The results also showed that the introduction of the new GVP Module V in 2012, as well as the revision in 2017, had an impact on the removal of 45 SCs. Note that the introduction of the GVP Module V in 2012 also prompted the removal of 37 identified risks for Product B (Fig. 1b) not included in Fig. 6b. The implementation of new or revised regulations (Volume 9A in 2008 and the GVP Module V in 2012) had an impact on the reclassification of six IPRs to IIRs and three MI to IPRs. Of the reclassified safety concerns, 47% (seven IPRs to IIRs and two MI to IPRs) were related to pharmacological class effect and/or target population characteristics (Fig. 6d).

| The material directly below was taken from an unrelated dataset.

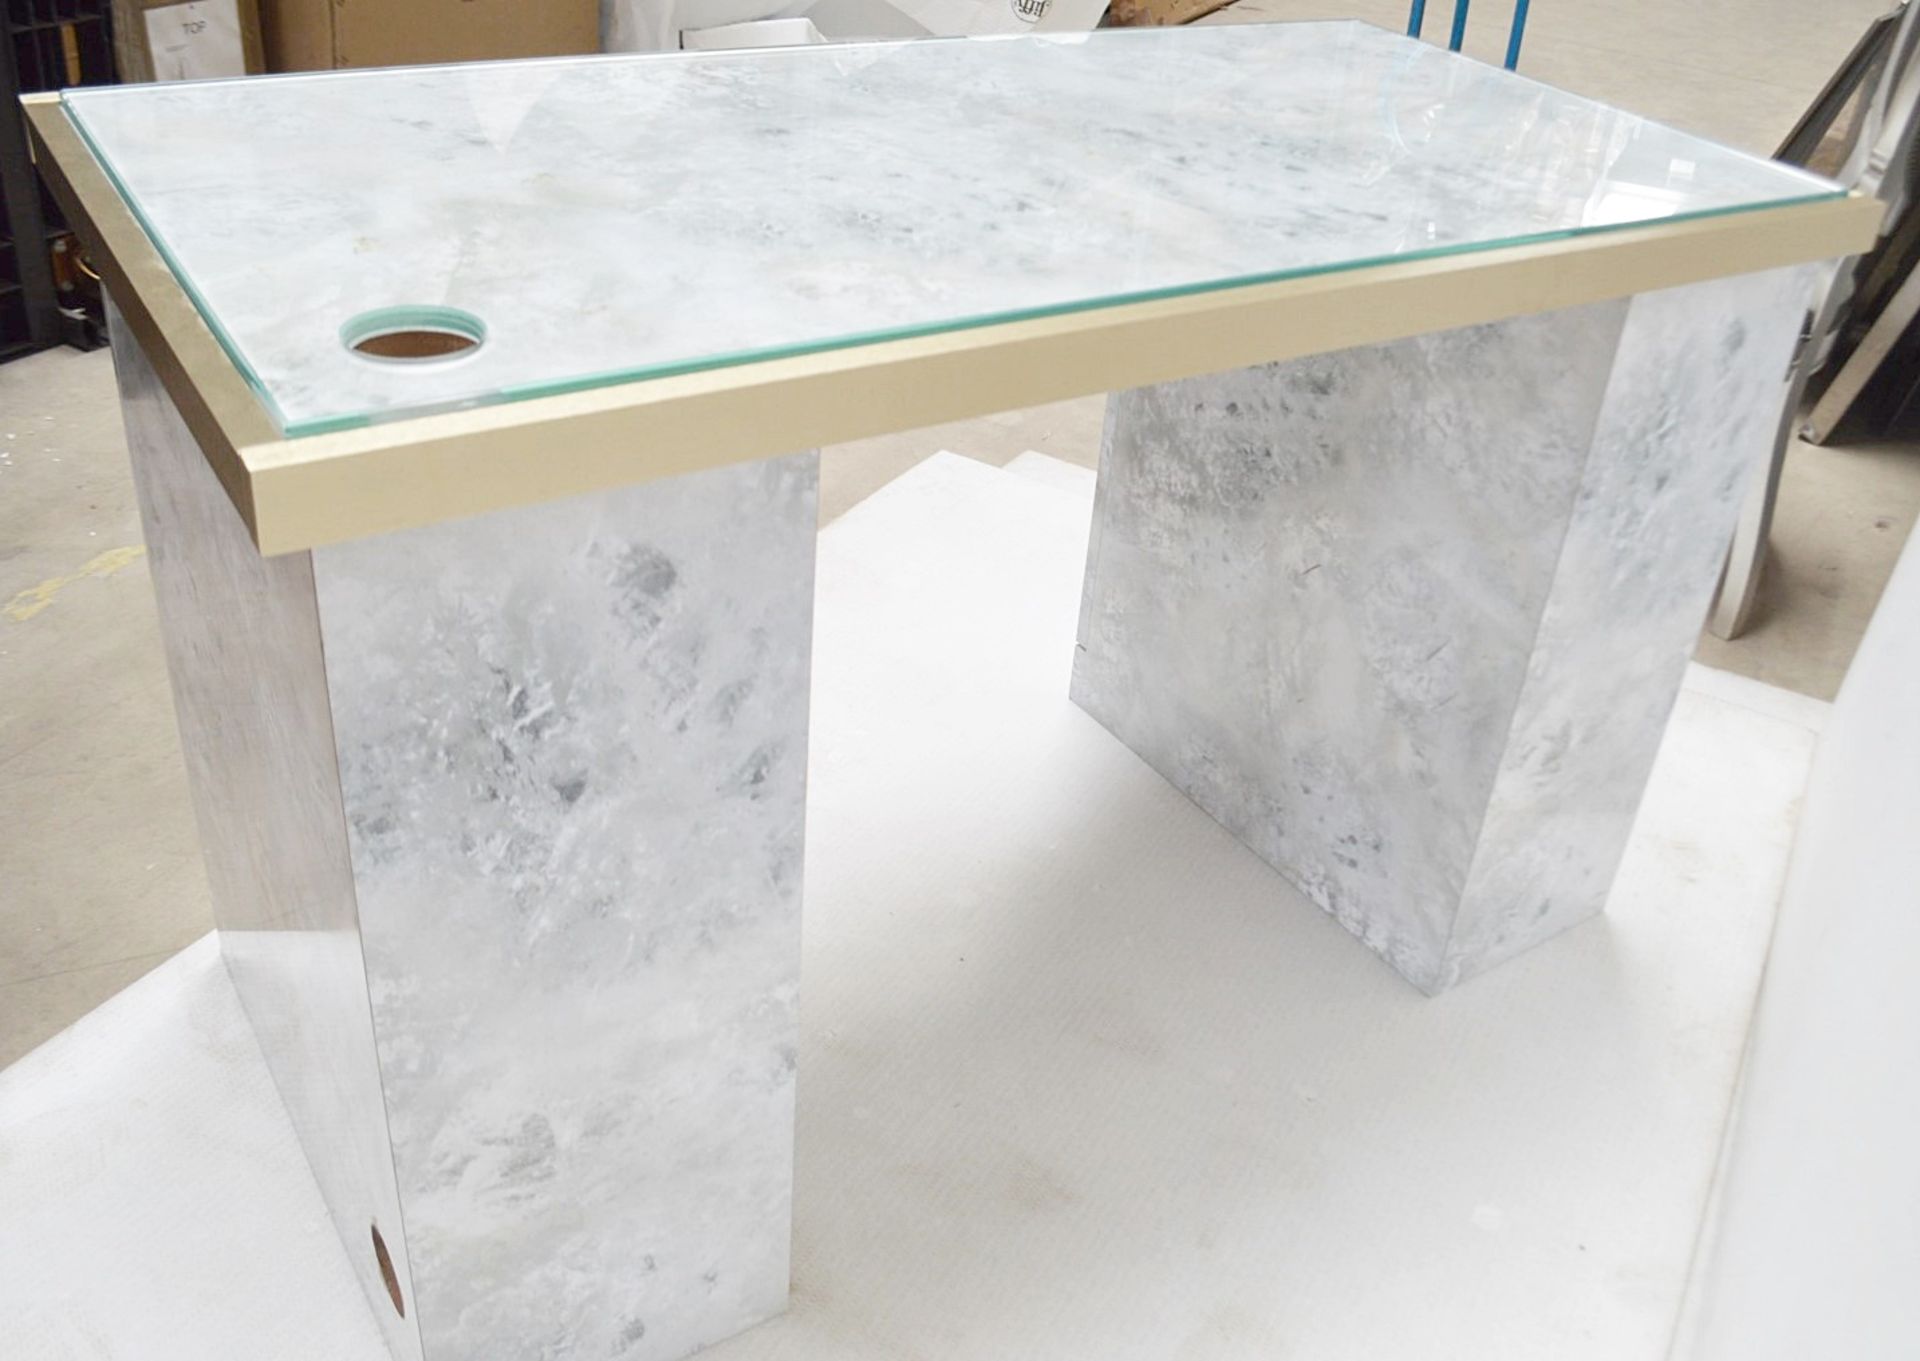 1 x BALDI Designer Retail Display Table / Desk Featuring A Marble Effect Aesthetic - Image 2 of 8

Feedback During Assessment of the Market Authorisation Application

The last step was to assess whether the process to update (i.e., inclusion, removal, or re-classification) the risk presentations was prompted by HAs or by BI. HAs prompted the removal of 49 % (n = 45) of the SCs, whereas BI proactively proposed the removal of 51 % (n = 46) SCs (Fig. 6e). Feedback from HA during the assessment of the MA application dossier, resulted in the inclusion of 34 new SCs to the EU-RMPs. Of these SCs, 50 % (2 IIRs, 10 IPRs and 5 MI) were associated with pharmacological class effect and/or target population characteristics (Fig. 6f). Thus, the results showed that BI and HAs played an equal role in proposing the removal of important risks and MI topics, whereas HAs made a larger contribution to the inclusion of SCs, in particular those associated with class effect and target population.